People of the Book
by Geraldine Brooks
Of course, a book is more than the sum of its materials. It is an artifact of the human mind and hand. The gold beaters the stone grinders, the scribes, the binders, those are the people I feel most comfortable with. Sometimes, in the quiet, these people speak to me. They let me see what their intentions were, and it helps me do my work. I worried that the kustos…would keep my friendly ghosts at bay. And I needed their help. There were so many questions.
- Hanna Heath, p. 19
These are the thoughts of Hanna Heath, a book conservator from Australia, as she examines the Sarajevo Haggadah, an ancient Jewish text. She has been hired to repair and protect the valuable manuscript. As she works, Hanna discovers little artifacts from the book’s many adventures: a stray hair, wine stains, a fragment of a butterfly wing, and salt crystals. Each item provides a clue about the history of the book, and launches the reader into a historical vignette. From Venice to Vienna and Seville to Sarajevo, the reader travels across Europe and through six centuries as Hanna struggles to unravel the mysteries of the people of this book.
The idea of People of the Book was a very interesting one. I love books that take famous works of art and explore their past, like
Girl with a Pearl Earring, which told a romantic story about the model for Vermeer’s famous painting. Certainly a holy text that was used by Jewish families at the annual Passover celebration would have a rich story to tell.
Brooks never really shows the book being used for its intended purpose, however.

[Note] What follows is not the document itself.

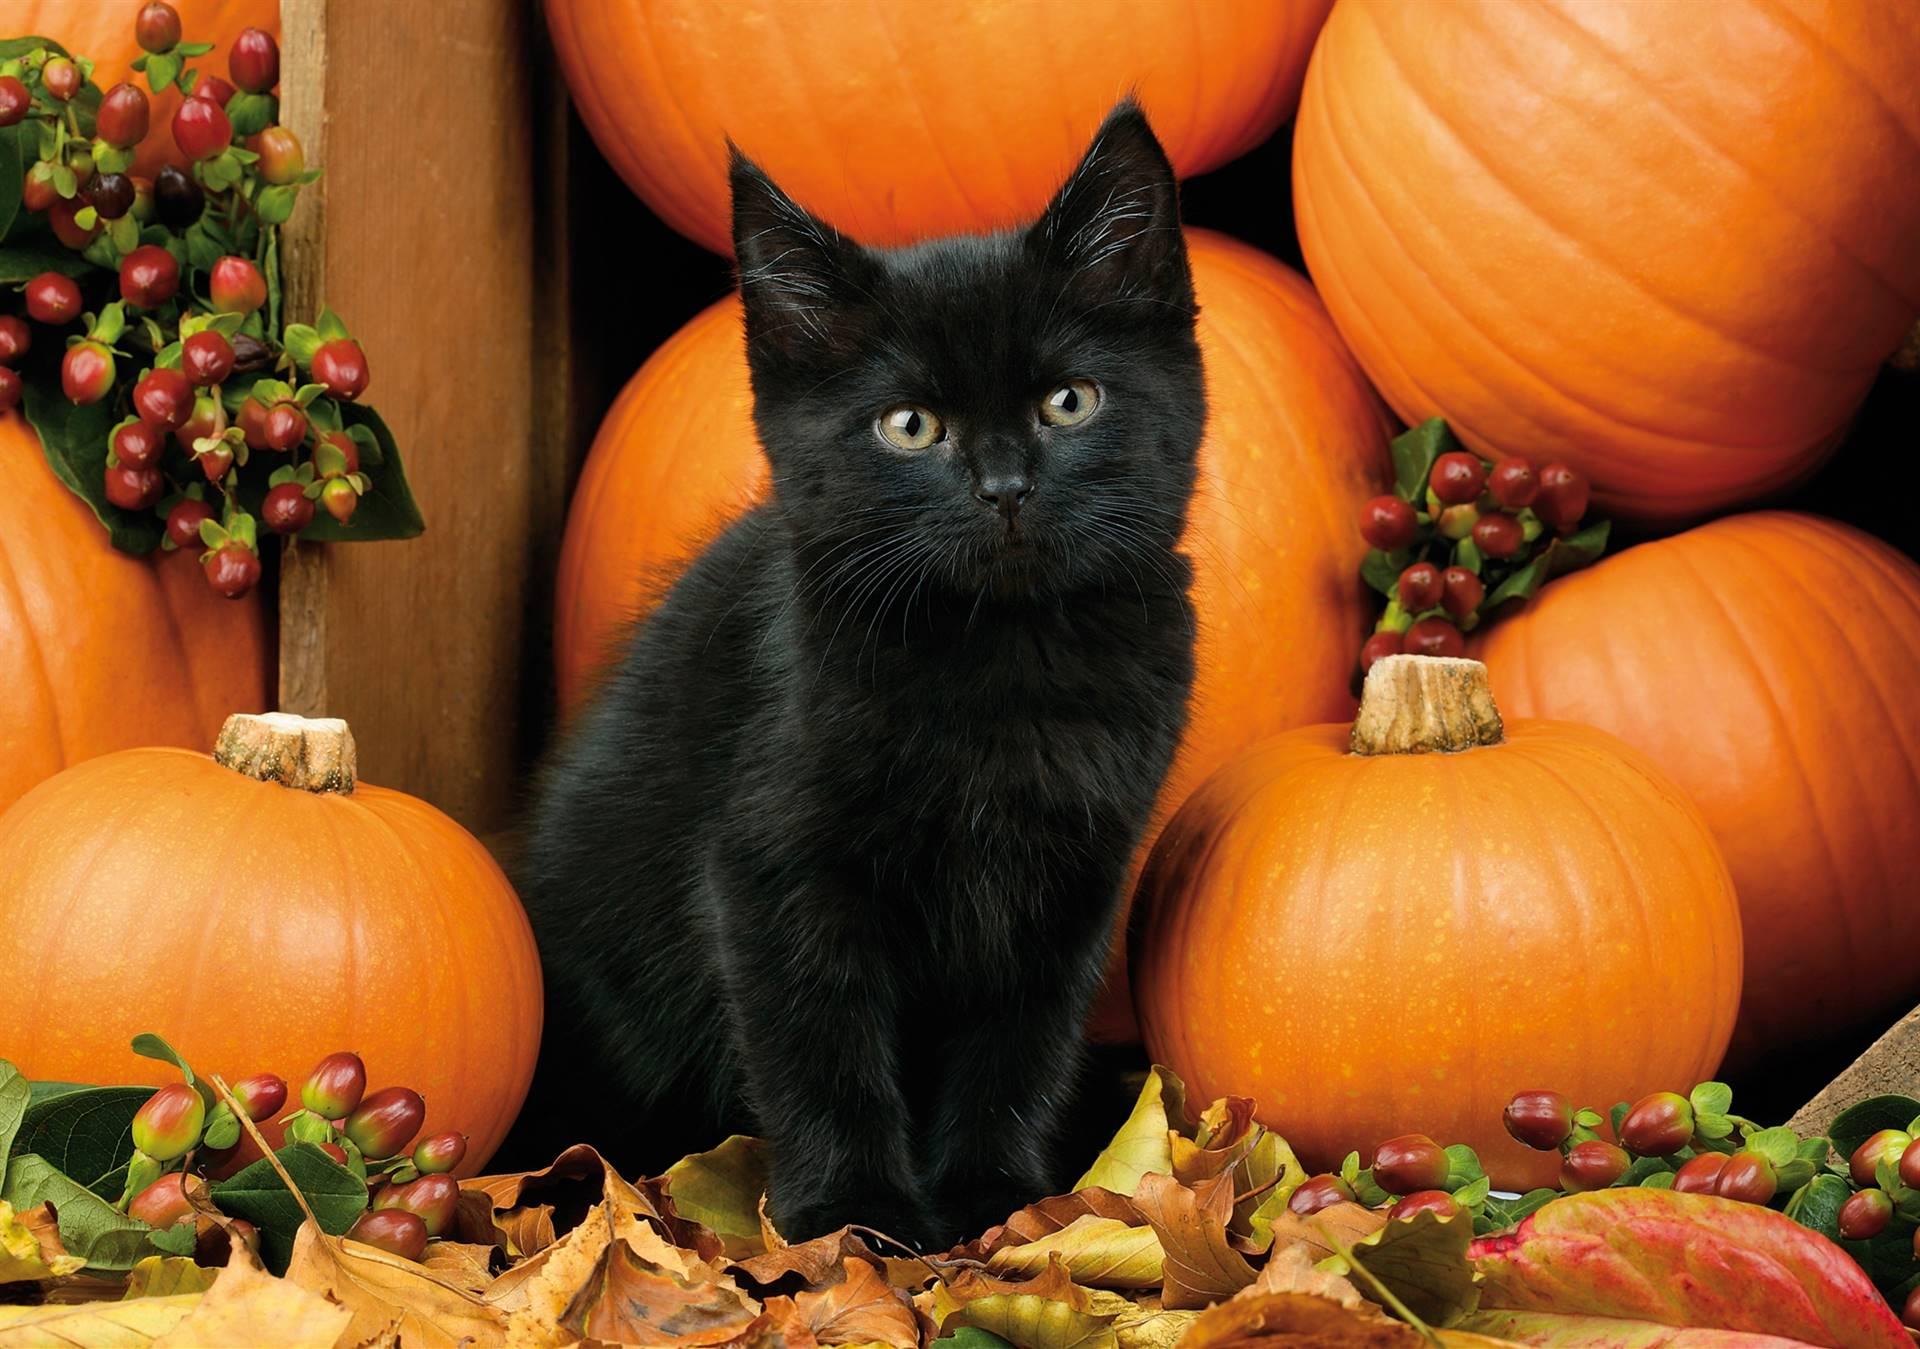 Black kitten among pumkins

In every historical flashback, the book or its owners face imminent destruction. A Catholic priest threatens to burn the book; a Jewish girl flees the Nazis to join a group of rebels. It seems like every scene is full of drama and passion. That’s interesting and all, but the constantly heightened tension can be exhausting. Some simple, quiet scenes from the book’s history would have done wonders to balance things out. As it was, as I continued to read I became rather dull to the horrors of the story, and ceased to care when characters were beaten, raped or tortured.
While the book was extremely rich in detail - verging into the realm of “info dumping” on more than a few occasions - the characters were often weakly portrayed. It was very black and white. Evil characters were truly bad, without a single redeeming factor. A bad man wouldn’t just be a liar and a crook, for example; he’d also be syphilitic, weak-willed, ugly, and thoroughly unpleasant. Of course, the one character we do get to know fairly well - Hanna - is an extremely difficult woman to like. It seemed like she couldn’t go a single chapter without reminding readers that she’d gone to school at Harvard and that she couldn’t get along with her mother, who was a difficult bitch of a surgeon always ragging on poor Hanna because she didn’t follow her mum to medical school. She was a very whiny woman, and after a while I just couldn’t stand her.
During each historical flashback, I found myself wondering about the reliability of each story. After all, Hanna claims early in the book (see the quote at the beginning of this post) that ghosts “speak” to her as she toils over her work. Are these accounts of medieval Spaniards and Renaissance cardinals merely the product of Hanna’s overactive imagination? I’m curious, if you’ve read this book, if you wondered about this, or did you just accept the stories from the past?